→ Description of the task
Taking the line with "Seeing and Not" as the first and the last line of the listing as the final one, please copy exactly those lines and no others, without pictures.

→ Supplied data
▼
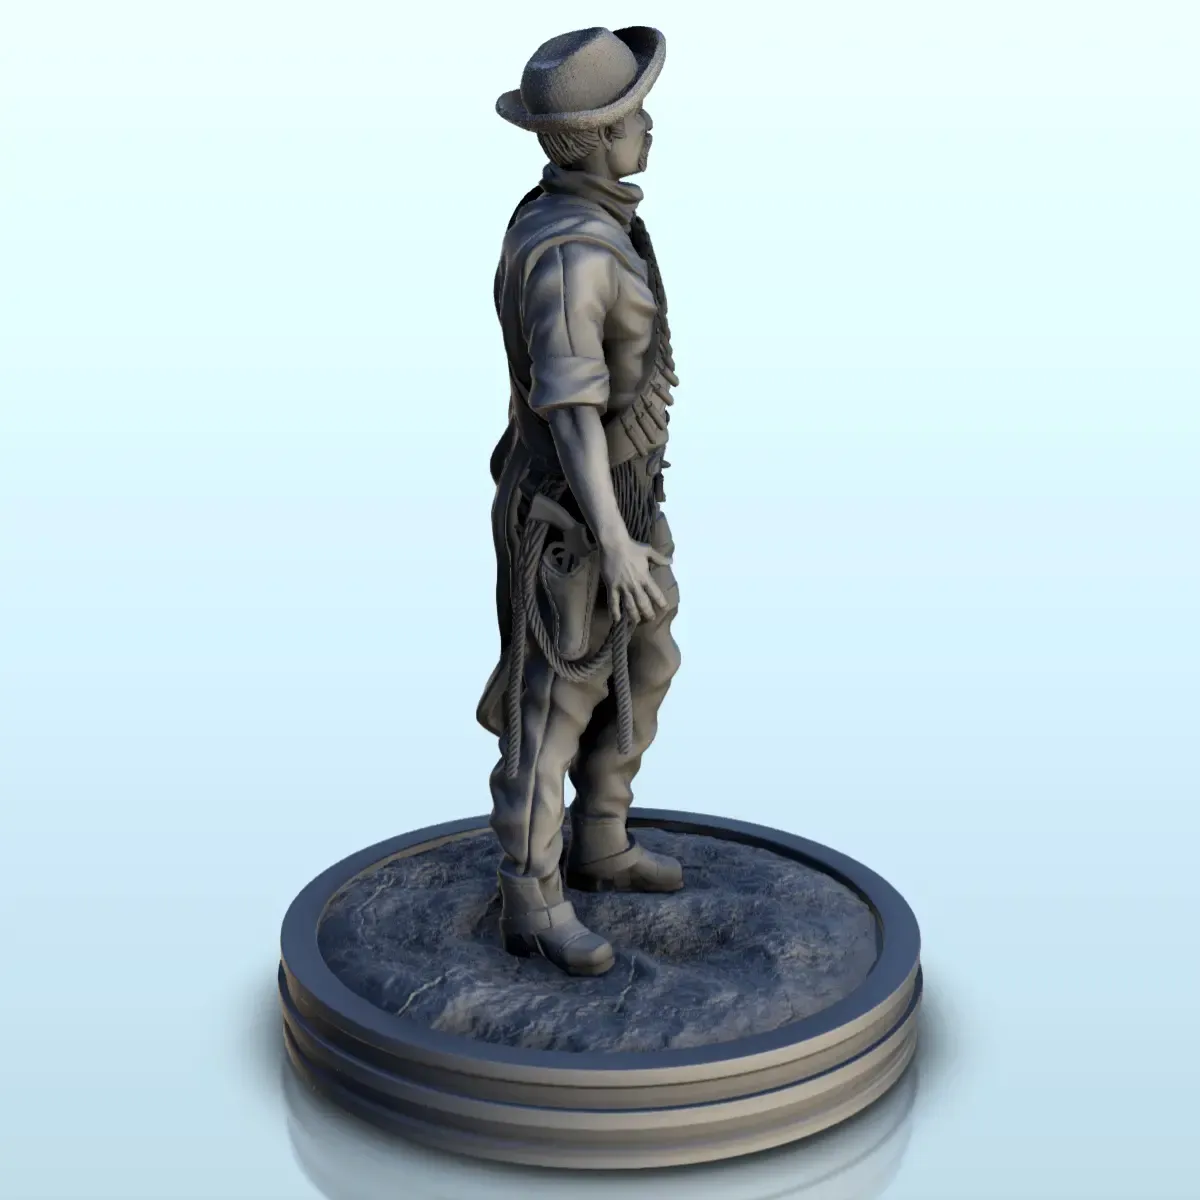 Man with hat and cape (24) - Old West Figure miniature
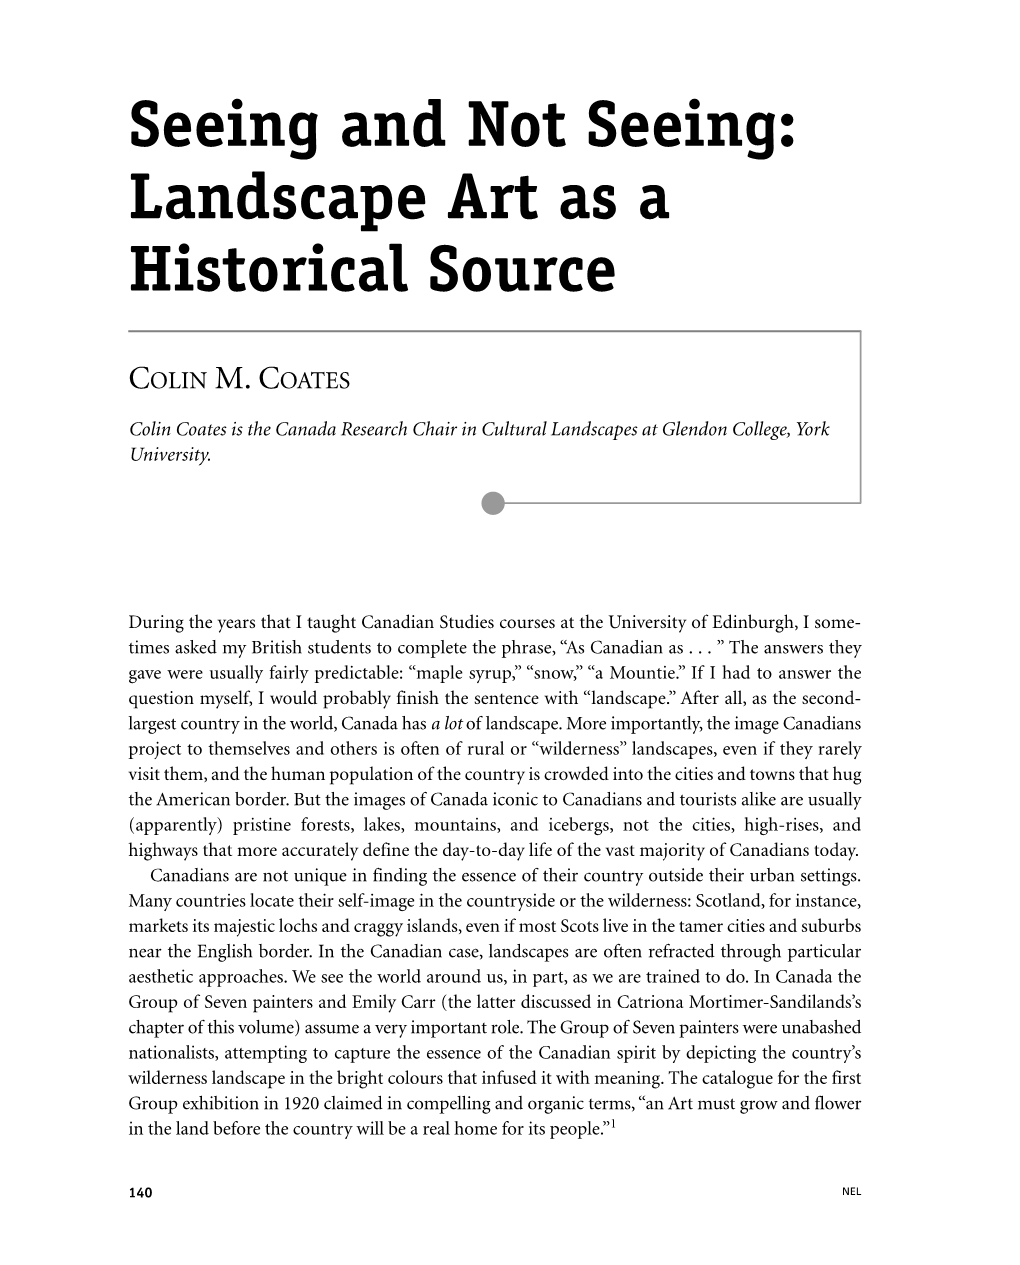 Seeing and Not Seeing: Landscape Art As a Historical Source
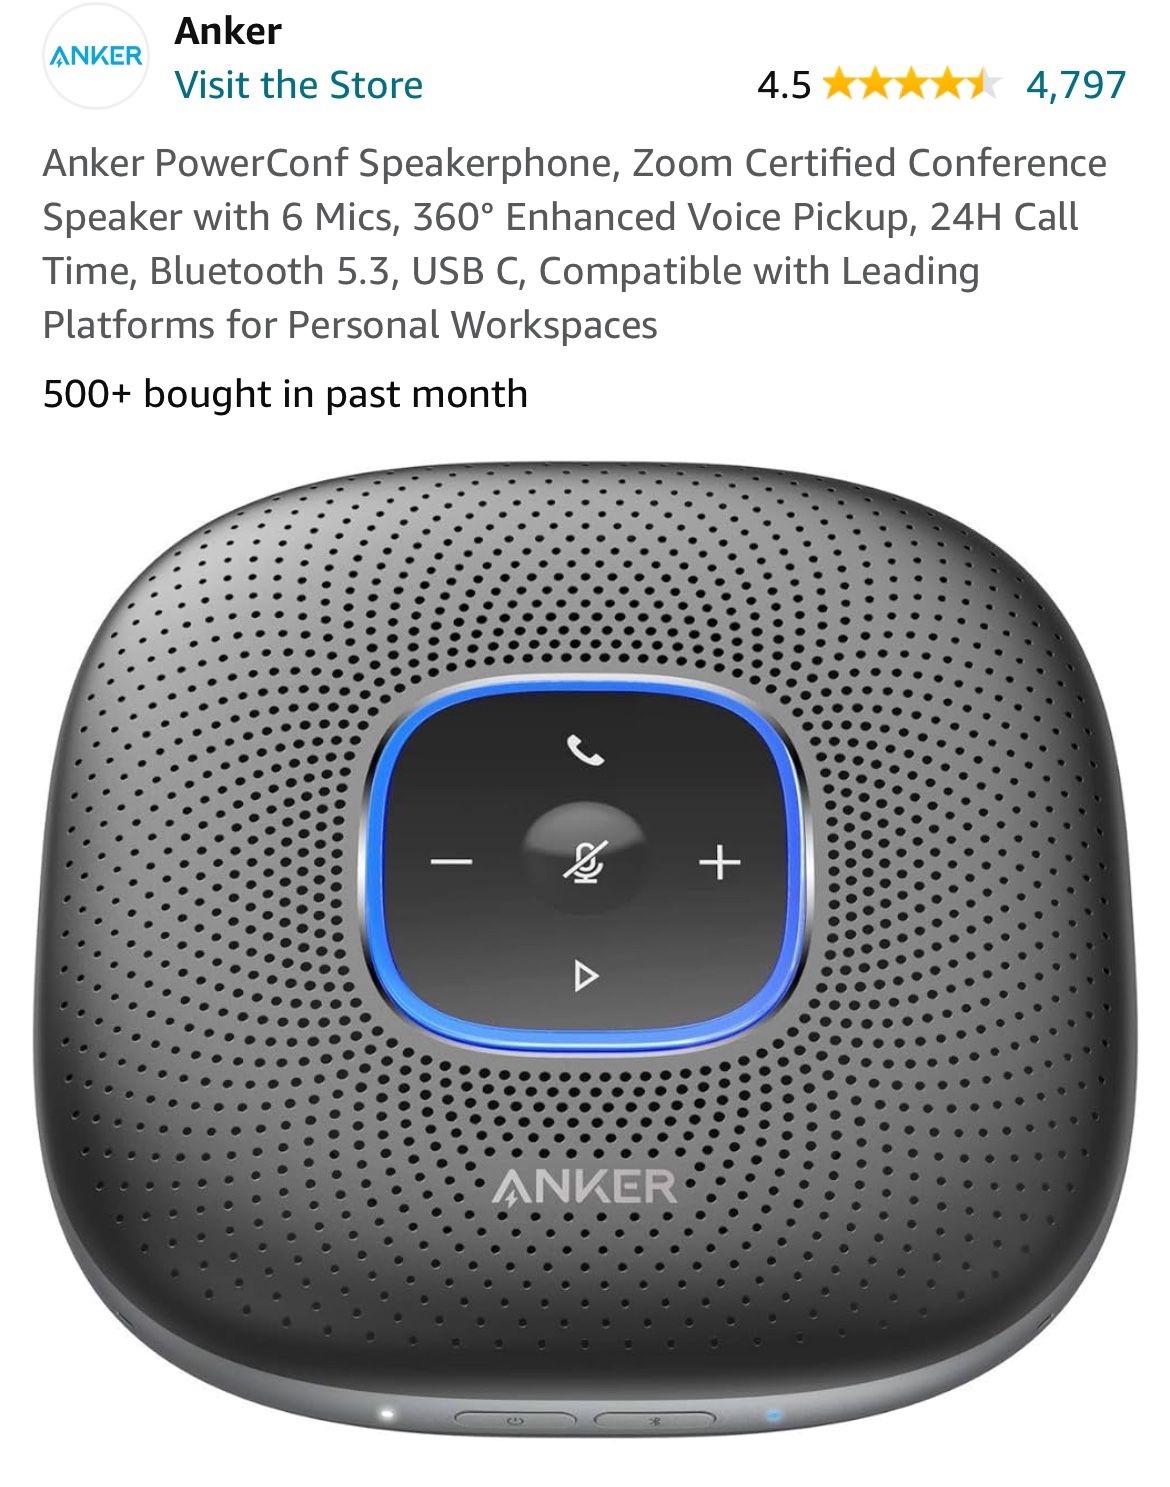 Anker PowerConf Speakerphone, Zoom Certified Conference Speaker with 6 Mics, 360° Enhanced Voice Pickup, 24H Call Time, Bluetooth 5.3, USB C
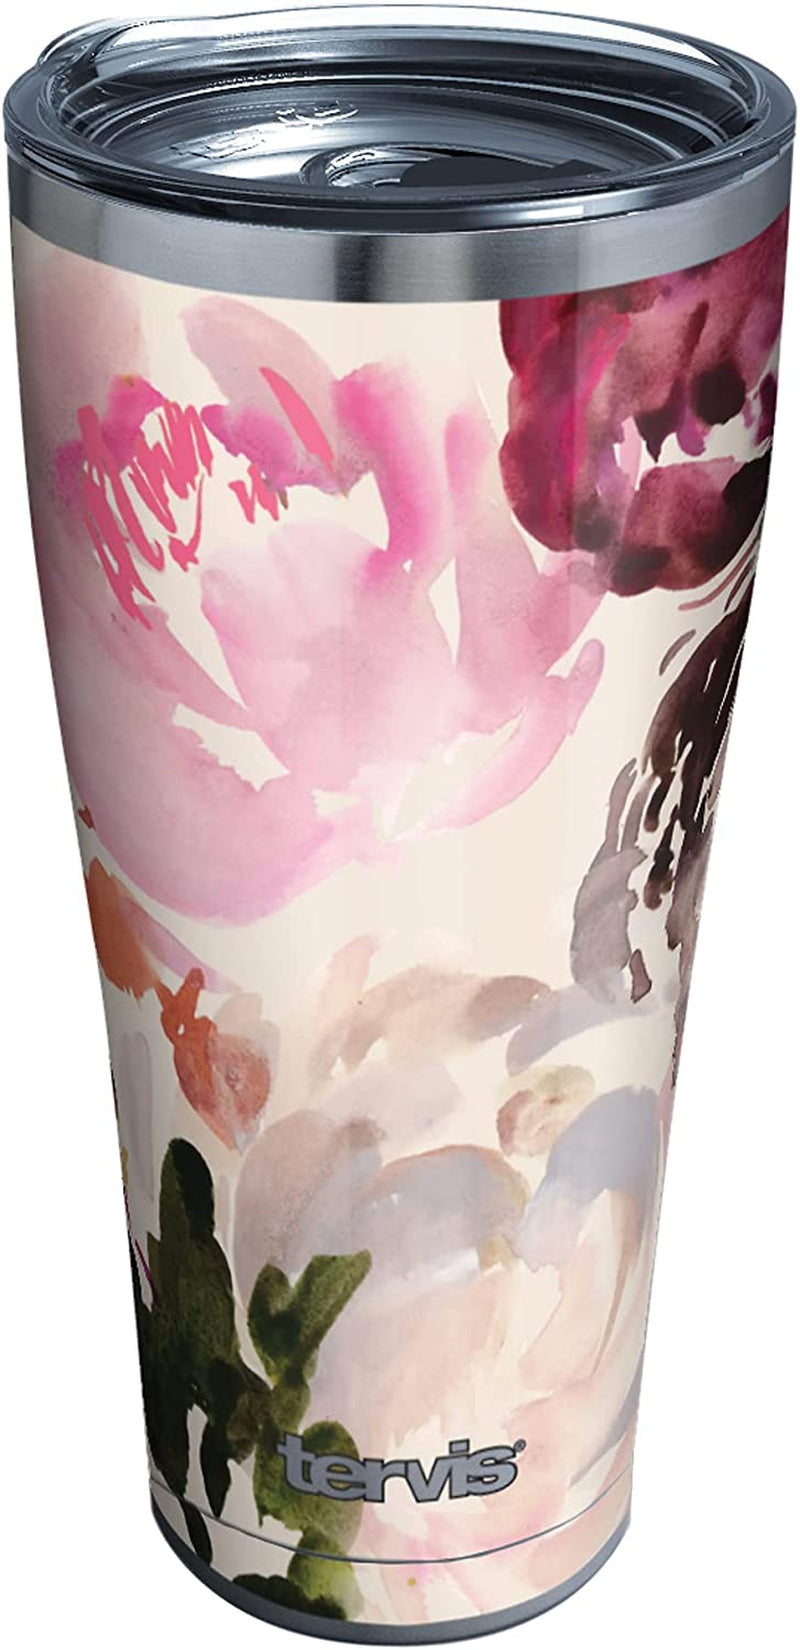 Tervis Made in USA Double Walled Kelly Ventura Floral Collection Insulated Tumbler Cup Keeps Drinks Cold & Hot, 16Oz 4Pk - Classic, Assorted Home & Garden > Kitchen & Dining > Tableware > Drinkware Tervis Posy 30oz - Stainless Steel
▲
→ Answer section
 Seeing and Not Seeing: Landscape Art As a Historical Source
 Anker PowerConf Speakerphone, Zoom Certified Conference Speaker with 6 Mics, 360° Enhanced Voice Pickup, 24H Call Time, Bluetooth 5.3, USB C
 Tervis Made in USA Double Walled Kelly Ventura Floral Collection Insulated Tumbler Cup Keeps Drinks Cold & Hot, 16Oz 4Pk - Classic, Assorted Home & Garden > Kitchen & Dining > Tableware > Drinkware Tervis Posy 30oz - Stainless Steel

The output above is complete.